Para a formação da sua personalidade e motivações estruturais da sua actividade filosófica, Jacques Derrida reconhece a potência dos referidos dramas. Por isso, diz o seguinte: «A herança cultural que recebi da Argélia é algo que provavelmente inspirou meu trabalho filosófico. Todo o trabalho que tenho desenvolvido, no que diz respeito ao pensamento filosófico europeu, ocidental, dito greco-europeu, as questões que fui levado a colocar de alguma distância, de uma certa exterioridade, certamente não teriam sido possíveis se, na minha história pessoal, eu não tivesse sido uma espécie de criança nas margens da Europa, uma criança do Mediterrâneo, que não era simplesmente francesa nem simplesmente africana, e que passava o tempo viajando entre uma cultura e outra […]tudo isso causou o terramoto da experiência que acabei de mencionar».
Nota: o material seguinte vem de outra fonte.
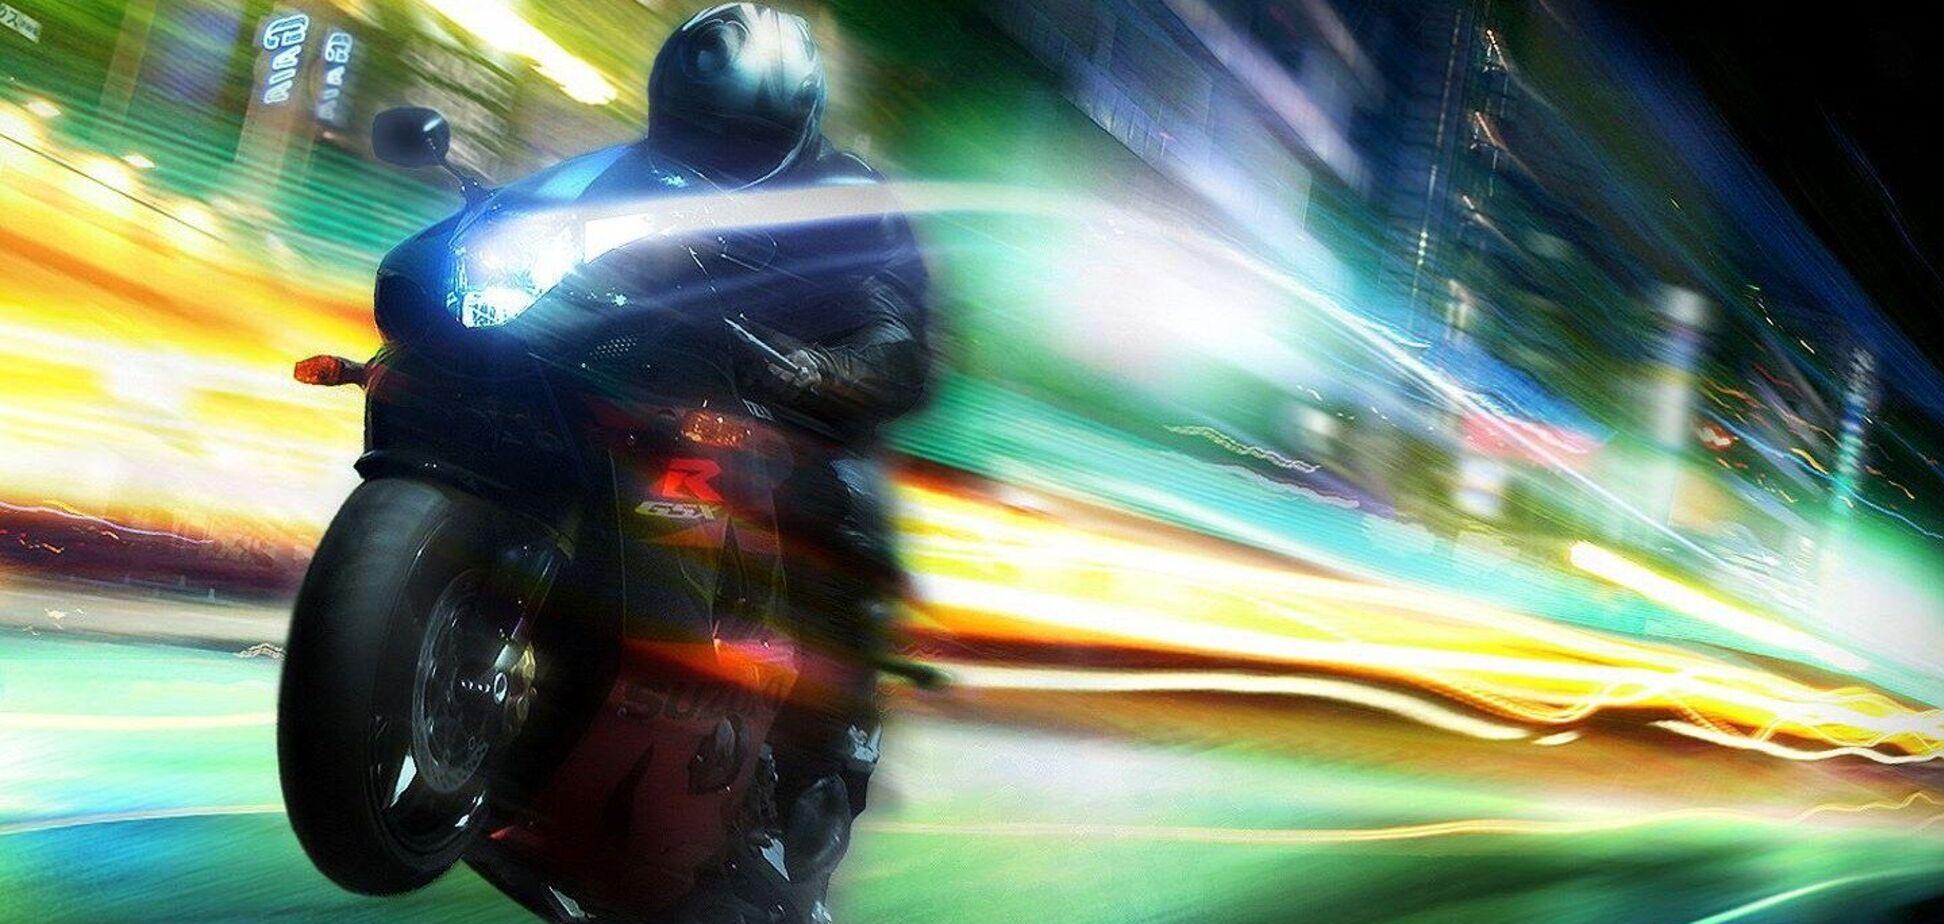 Під Дніпром мотоцикліст влетів в авто, втікаючи від поліції: є загиблий

Conceito de desconstrução 

É-lhe atribuída a vulgarização do conceito de desconstrução.Na conversa pública com o filósofo argelino Mustapha Chérif, realizada na capital francesa, em 2003,  Jacques Derrida considerava que o uso da desconstrução consistia em identificar a escrita e os rastos da metafísica ocidental que não sendo homogénea, também não podia ser definida no singular. 

Assim, Jacques Derrida entendia que a desconstrução permitia efectuar duas operações simultâneas: 1) Formular perguntas sobre a genealogia teológica dos conceitos do político no pensamento ocidental e europeu, em particular; 2) Concentrar em contextos determinados e determináveis os conceitos sobre os quais racaíam os questionamentos e a desconstrução. Assim, a desconstrução requeria um pensamento que devia ter em conta a pluralidade de linguagens, culturas e singularidades.

No contexto da história da filosofia francesa da segunda metade do século XX, a desconstrução é um método que aproxima Jacques Derrida a Michel Foucault (1926-1984). «Arqueologia» e «genealogia» são as designações do método com que opera Foucault, consistindo em estudar a história dos sistemas de pensamento, as formas discursivas e os conceitos, bem como as instituições que lhes dão forma.

No seu livro, «Maghreb Pluriel» [Magrebe Plural], Abdelkébir Khatibi, o filósofo do lado africano do Mediterrâneo ocidental, enuncia o «Outro-pensamento» ou a «Dupla crítica», métodos que se revelam adequados à tematização dos problemas que sustentam o diálogo com Jacques Derrida. Tais métodos assentam no «não retorno à inércia dos fundamentos de nosso ser», significando que o «Magrebe designa o nome dessa lacuna, esse não retorno ao modelo de sua religião e teologia […] um não retorno que, do ponto de vista teórico e prático, pode abalar os fundamentos das sociedades do Magrebe […] Esse Outro pensamento coloca-se diante das grandes questões que sacodem o nosso mundo hoje, onde se abre caminho ao desdobramento planetário das ciências, das técnicas e das estratégias». Portanto, Abdelkébir Khatibi enuncia-se aí uma outra forma de abordar os objectos da «descontrução» de Derrida. 

* Texto publicado no Jornal de Angola, no dia 17 de Julho, aqui republicado com a autorização do autor.